If you are in to grow your own and eating seasonally then this has got to be a crop for you. We planted five asparagus three years ago and this year in the warm weather they are going mad.
You do need well drained soil and you do need to build up a hump to spread the plant roots over. Our bed is about 3 feet wide and 10 foot long at most. After that it needs little looking after, keep weed free, mulch, and after June leave the plants to go to ferns and build up their strength.
We have a good half dozen spears every day for the last week and that should go on till mid June. When we had only a few at the start I would slice them into an omelette for lunch. As the amount grows they become more of a major dish. I usually steam them or blanch quickly. Two lunch dishes this week have taken advantage of bits of pieces left in the fridge or freezer.
Firstly, in a hot dry frying pan heat up some sliced spicy meat - I had some left over spicy salami. When the juices run throw in some blanched asparagus and char slightly. Serve with grated hard cheese topping as a starter dish. Last week we had the first of our spring cauliflowers - so the asparagus topped a nice cauli cheese!
We have been out a few times this week so we have built up 2 days growth to be picked. Today they went mad and were up to 15 inches tall when we got home in the late afternoon. Temperatures up to 25 C all day and the plants just loved it.

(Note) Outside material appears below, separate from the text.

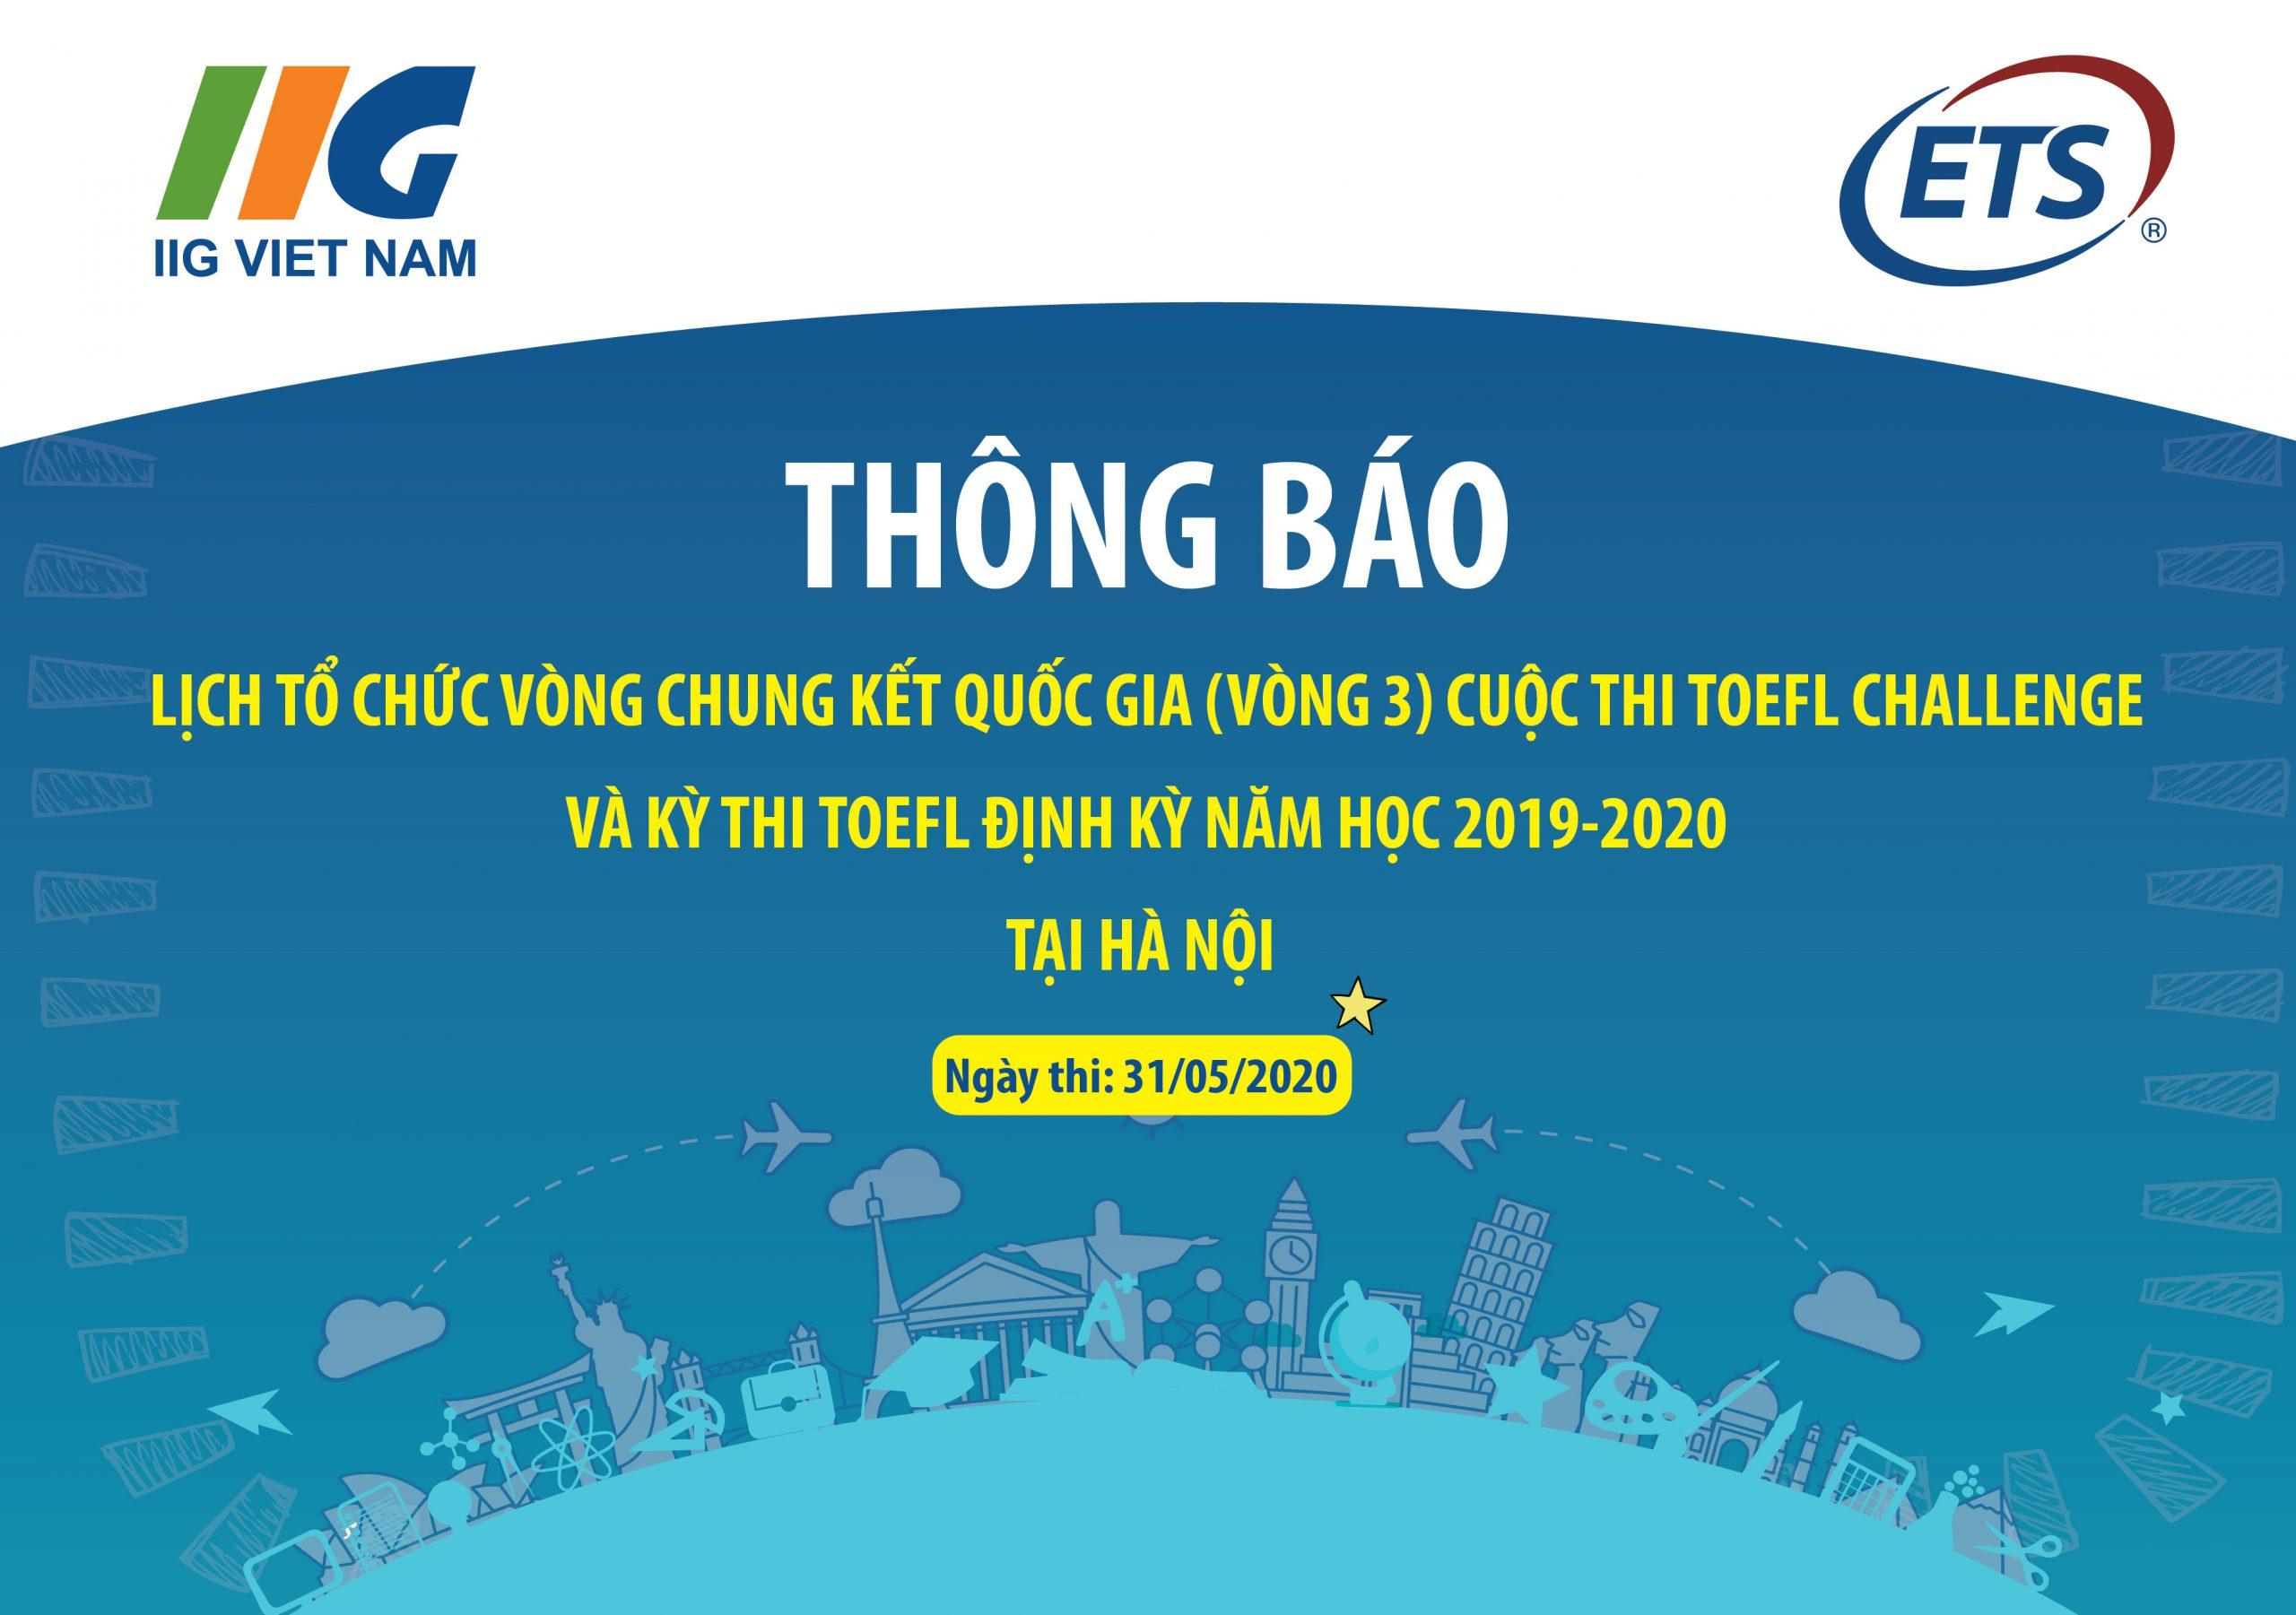 Thông báo Lịch tổ chức Vòng Chung kết Quốc gia (Vòng 3) Cuộc thi TOEFL Challenge và kỳ thi TOEFL Định kỳ tại Hà Nội năm học 2019-2020

Second dish I am trying when there are a good number of spears is to roast a dish full of asparagus with olive oil and black pepper till soft. Grate any cheese available to your taste - I had a bit of left over feta cheese one day which I mixed with a strong cheddar and that was good. Next time I tried mozzarella and Parmesan it was not so good. Any way, continue to bake in oven till cheese browns. Either top with bits of bacon or brown to a crisp some bacon on a separate dish and add to the top of the cheese later. Serve with a bit of salad makes a nice lunch.
Had half a dozen spears today so I sautéed them with half an onion, some left over boiled gammon chunks, a bit of red pepper and a big spoonful of mild chilli powder. Very tasty lunch with handful of salad leaves.
Monty Don on Gardener's World this Friday had an asparagus bed that was finally coming to fruition. Knowing he has very clay soil near Hereford I was surprised how flat it was!